The Tell: Why the stock market is so sensitive to tweets and political headlines right now
If it feels like the stock market and other financial assets are jumping and falling in reaction presidential tweets and news headlines to an unusual degree, it isn’t your imagination, argues one investor.
“Today’s markets are whipsawed by political slings and arrows, often in the form of tweets or breaking news reports. And ‘investors’ increasingly are reacting impulsively to a reality that’s shifting minute-by-minute,” said Brent Schutte, chief investment strategist at Northwestern Mutual Wealth Management Company, in a Monday note. “Put differently, broad swaths of equities can flip from winners to losers in an incredibly short time period — perhaps in the wake of a single tweet.”

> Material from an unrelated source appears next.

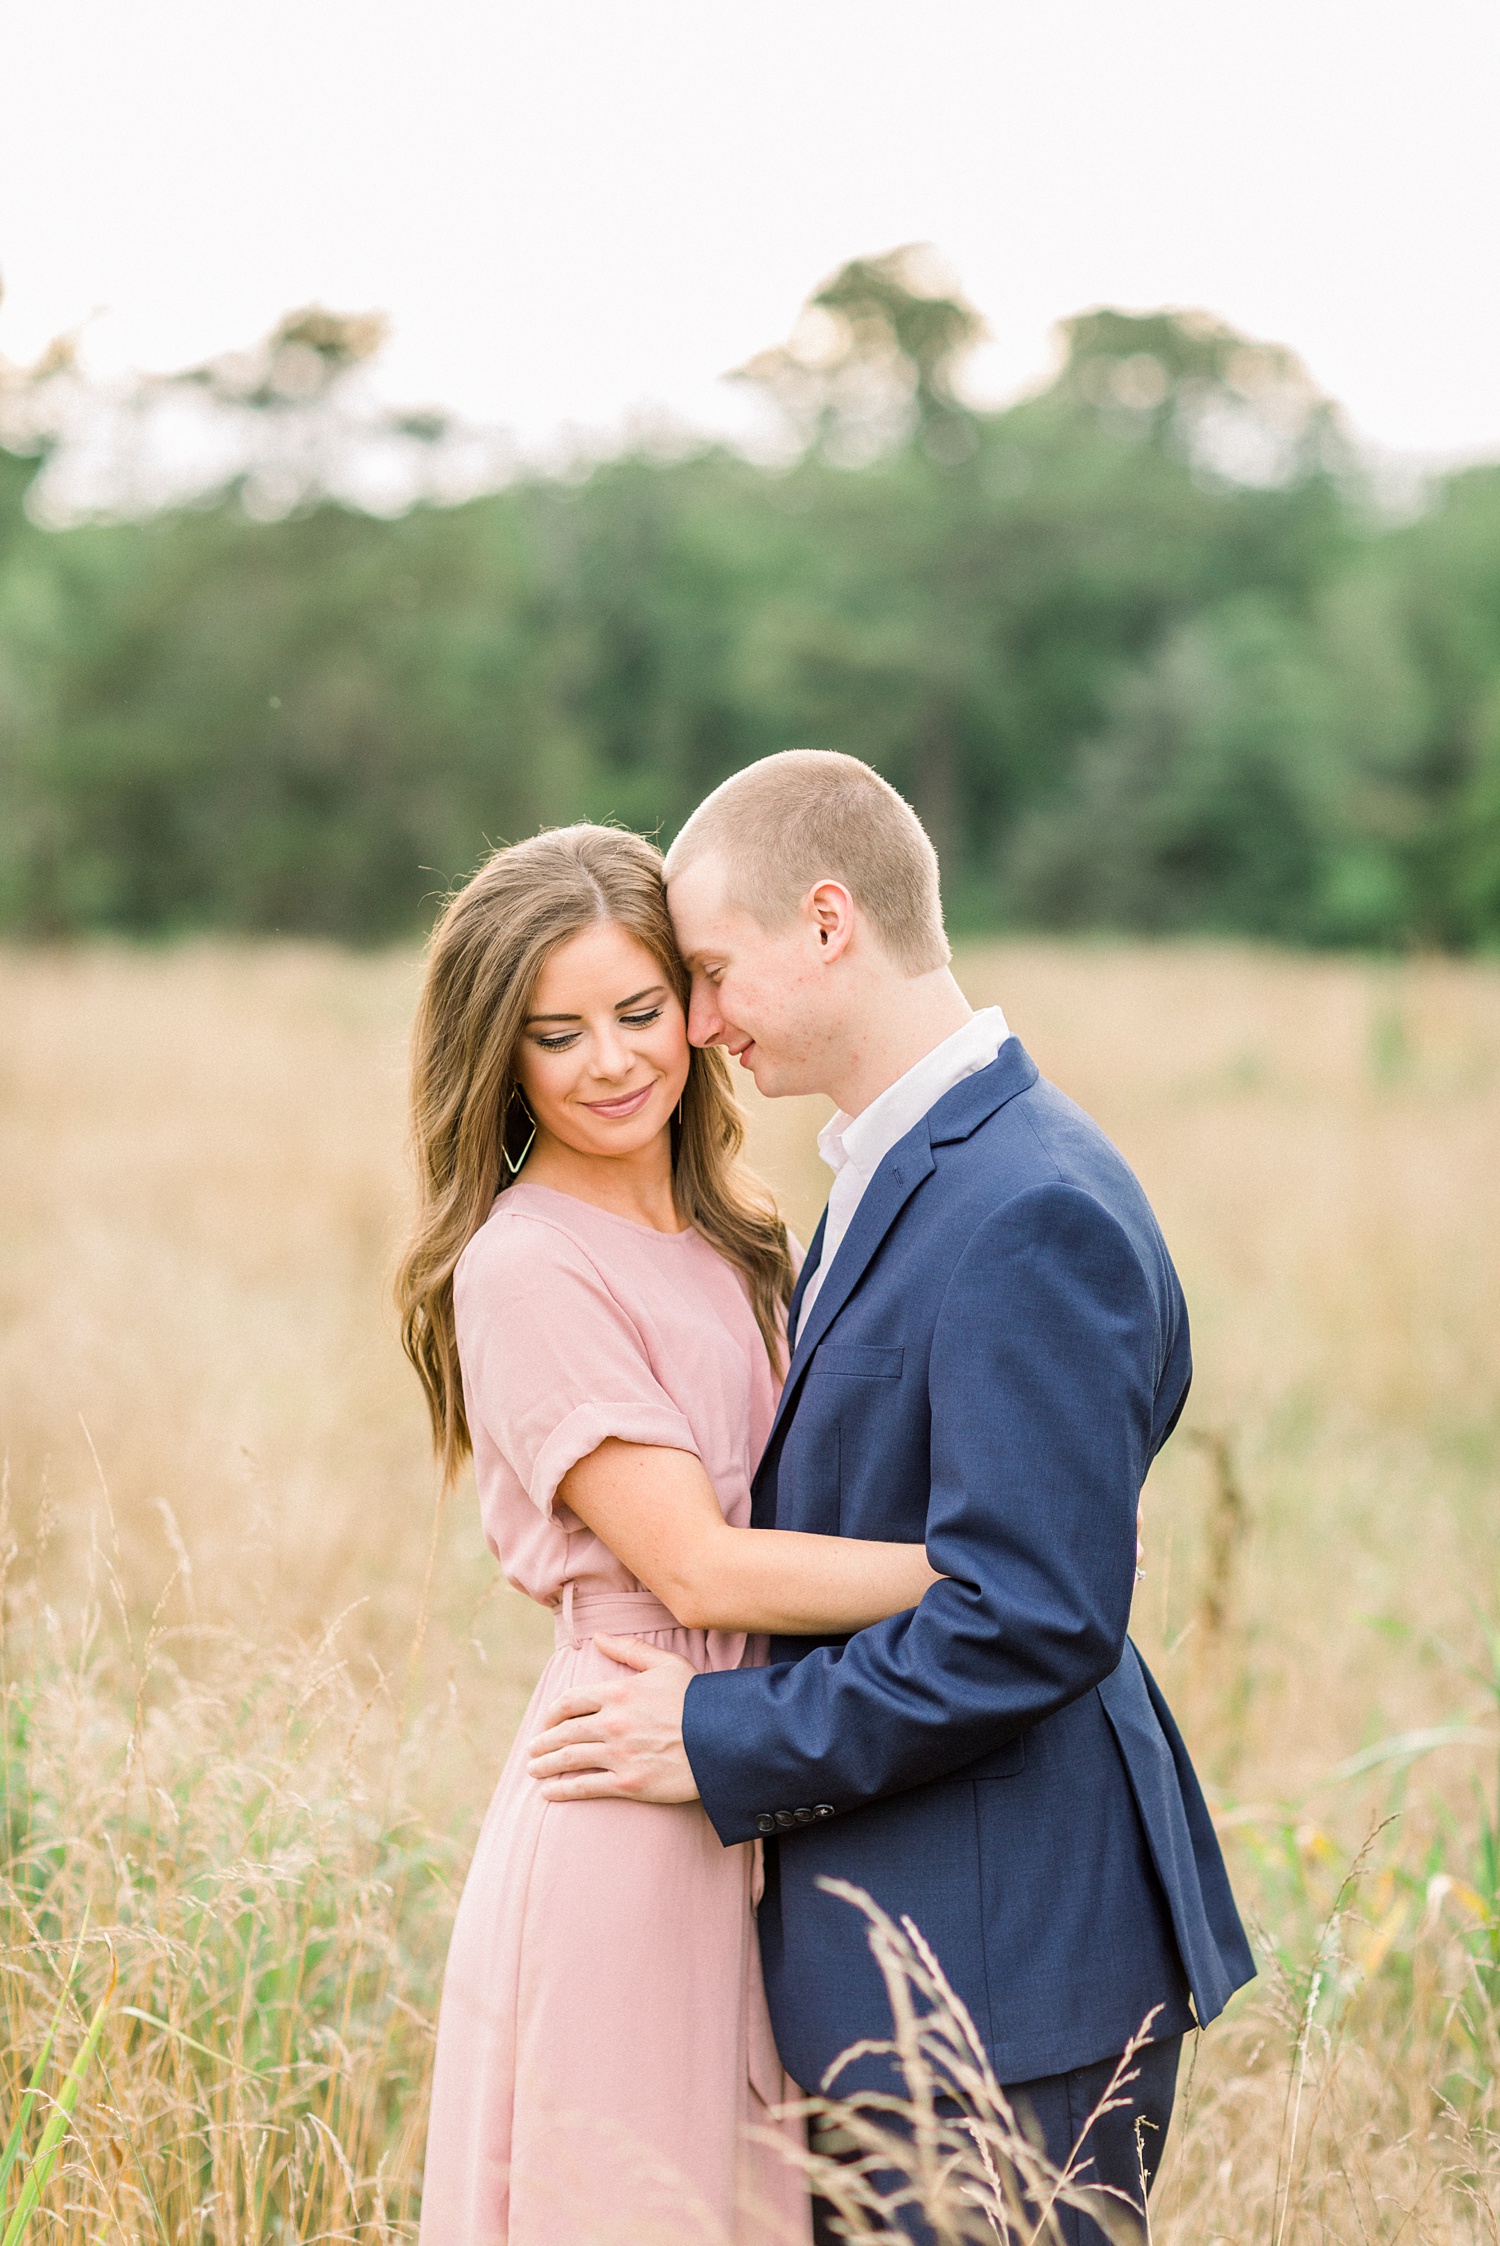 groom nuzzles bride's cheek during engagement session in tall grass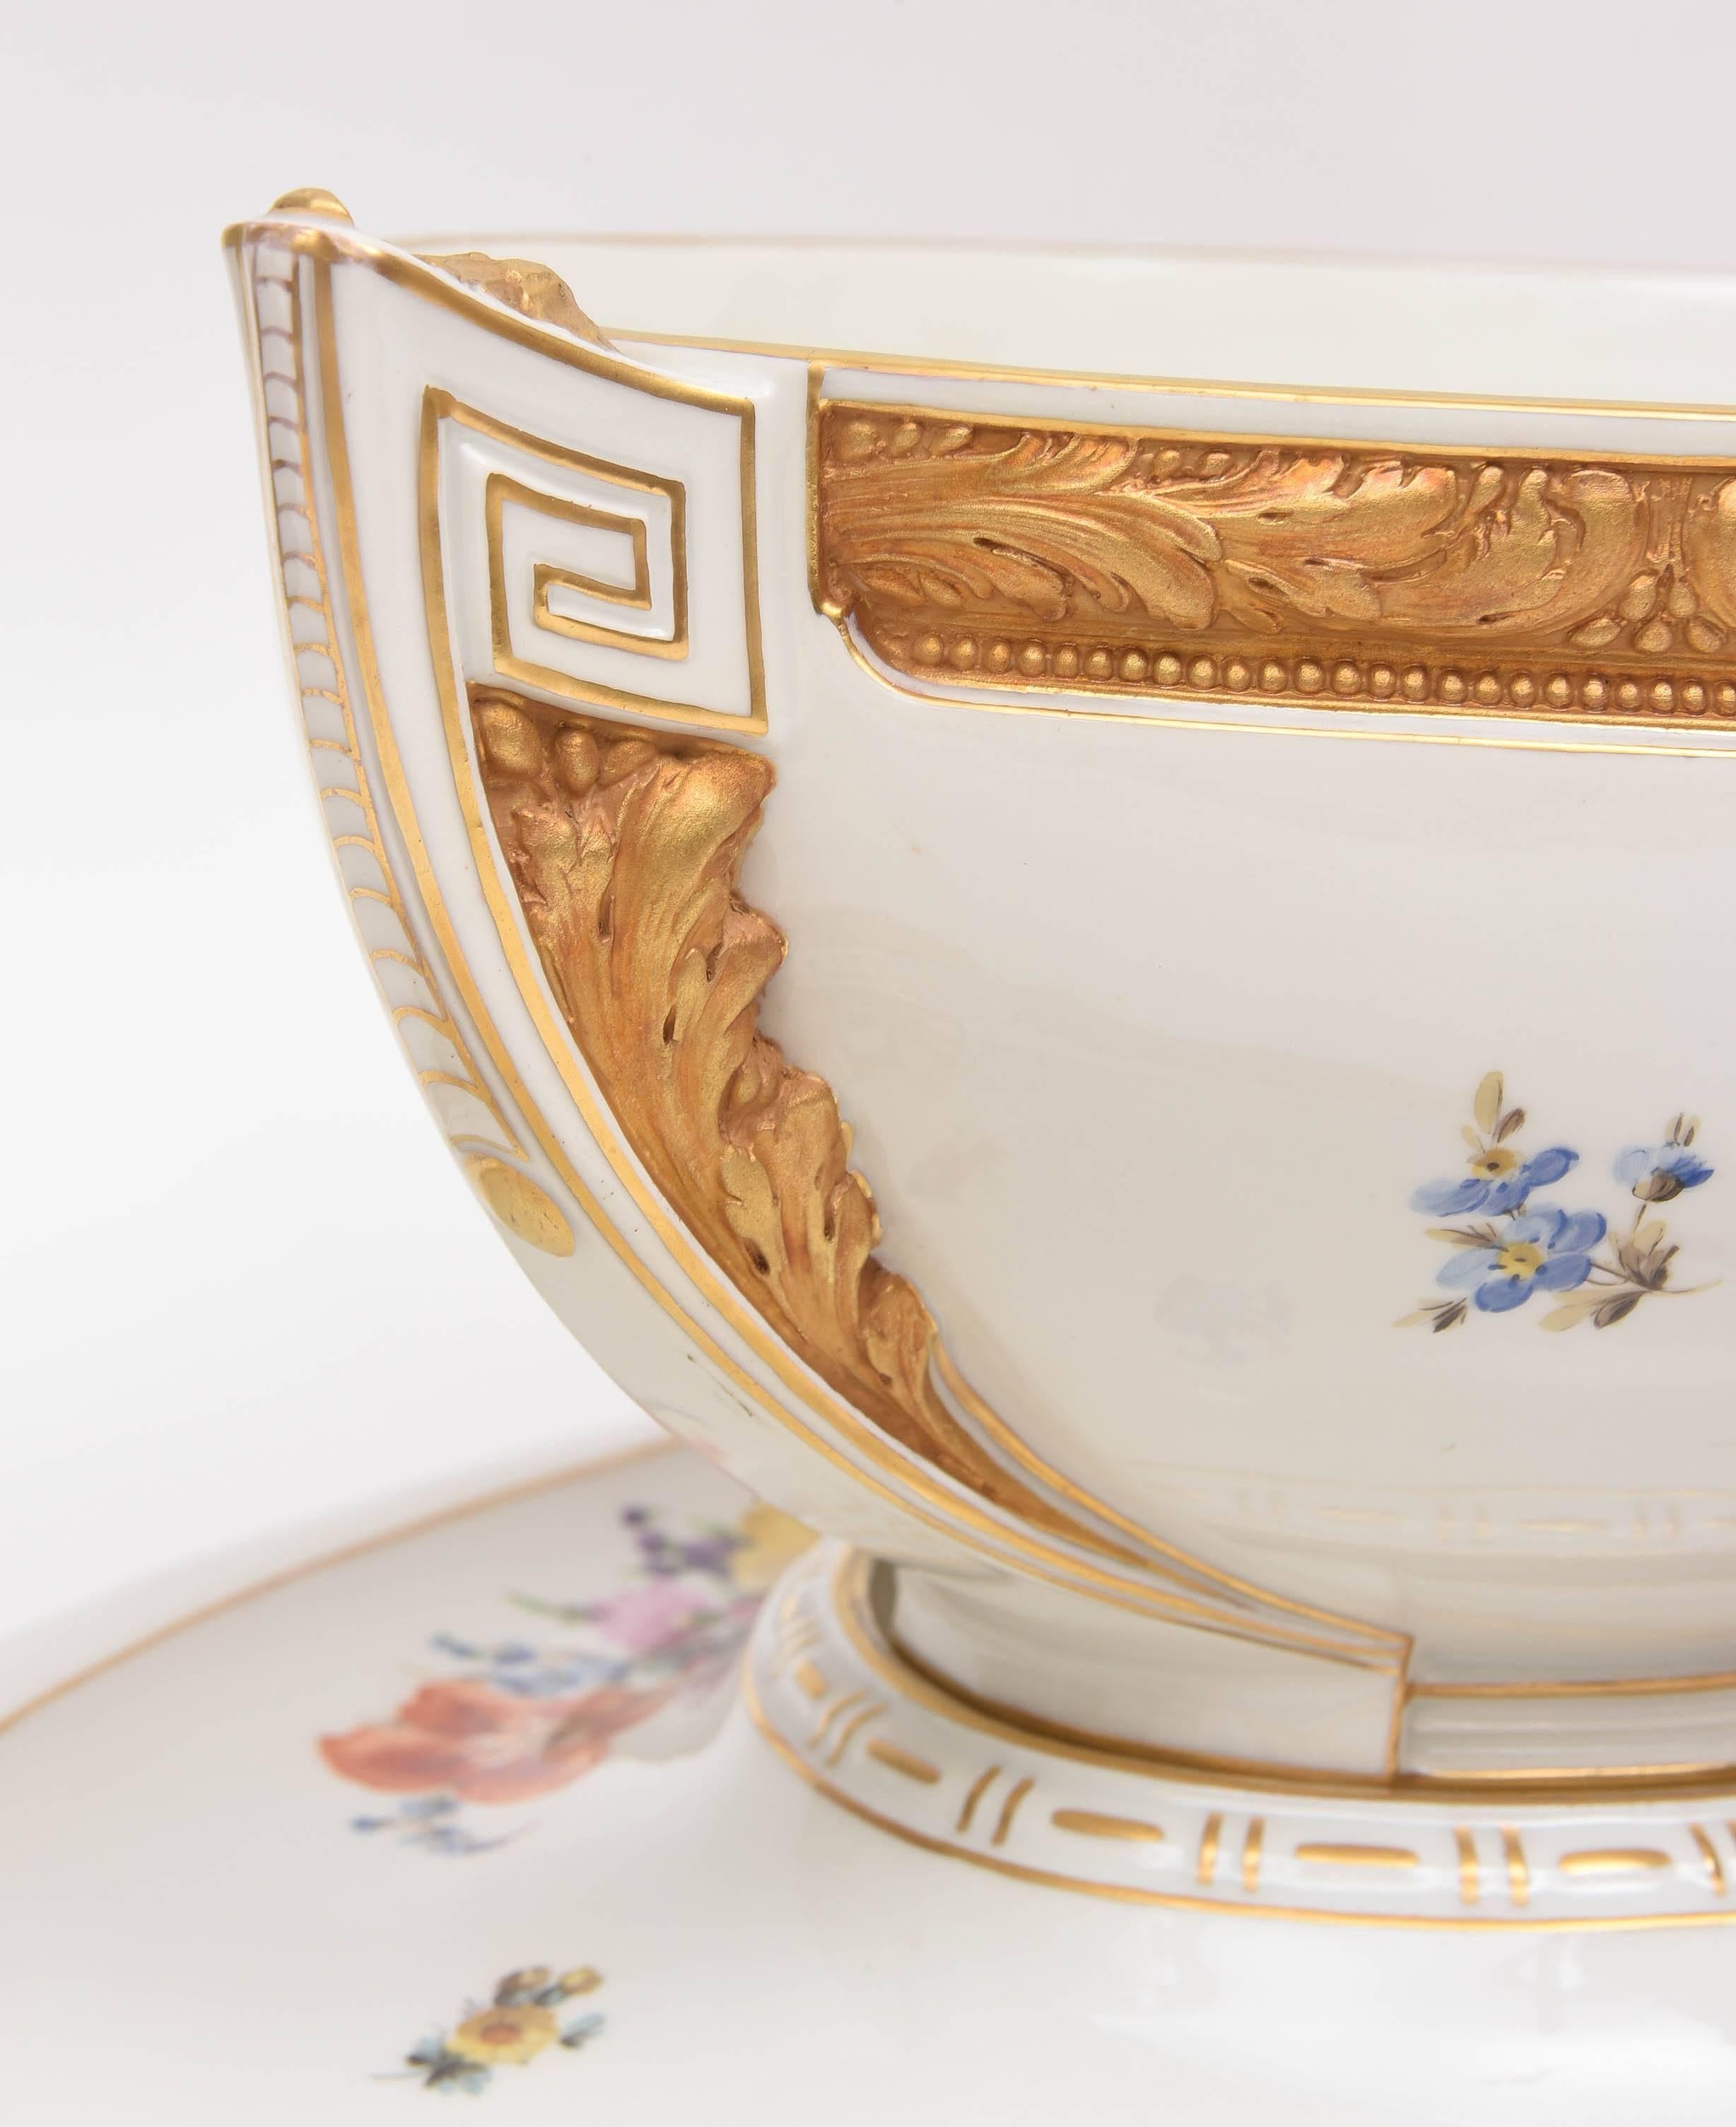 Gold Impressive 19th century KPM Tureen and Stand, Hand Painted, Gilt Encrusted

‘We believe politics inordinately captures the market’s attention because it’s the only reason that a recession could ensue in the coming months.’
Schutte acknowledged that to say that investors don’t like uncertainty is to repeat a cliché. After all, when is life predictable?
But now that social scientists have devised methods to attempt to measure uncertainty, market watchers feel more comfortable quantifying uncertainty — and right now, by one such measure, that uncertainty is running at near historical levels after rising to just below an all-time high in August (see chart below).
Schutte highlighted the U.S. Economic Policy Uncertainty Index, devised by economists Scott Baker of Northwestern University, Nick Bloom of Stanford University and Steven Davis of the University of Chicago, which draws on search results from 10 large U.S. newspapers, reports by the Congressional Budget Office that compile tax code provisions due to expire over the next 10 years, and the Philadelphia Fed’s survey of professional forecasters.
The index in August hit its third-highest level of all time, just below the record high set in January. Based on a rolling 12-month average, the past year has seen record uncertainty, Schutte said, with the U.S.-China trade war playing a central role.
The main issue, Schutte wrote, is that rising uncertainty has historically been a “byproduct of recessions.” At the same time, there are few fundamental reasons to expect the U.S. economy to fall into recession, at least based on the traditional economic cycle, he said. After all, Schutte argued, while global and U.S. manufacturing readings are a legitimate source of concern, the larger U.S. service sector remains healthy. Meanwhile, workers are seeing real wage gains, business investment, while slowing, continues to grow and productivity has picked up.
Stocks found recent support coming after the U.S. and China agreed to a so-called phase one deal. Schutte suspects that worries about domestic economic weakness may have provided the Trump administration some impetus to strike something of a truce, but noted that a final deal remains far from complete. Meanwhile, trade tensions remain with Europe following the imposition of tariffs on $7.5 billion of tariffs on European products and the possibility of levies on European autos next month.
Schutte, however, sees reasons to expect that uncertainty may have topped out.
The economy, markets and getting re-elected remain the most important things to Trump, he said, and Northwestern’s “base case” holds that if those things are at risk, the administration will cool its trade-war fervor.
“With the election just one year in the offing and economic growth stumbling, perhaps the past quarter marks the peak of trade-war and political uncertainty,” he said.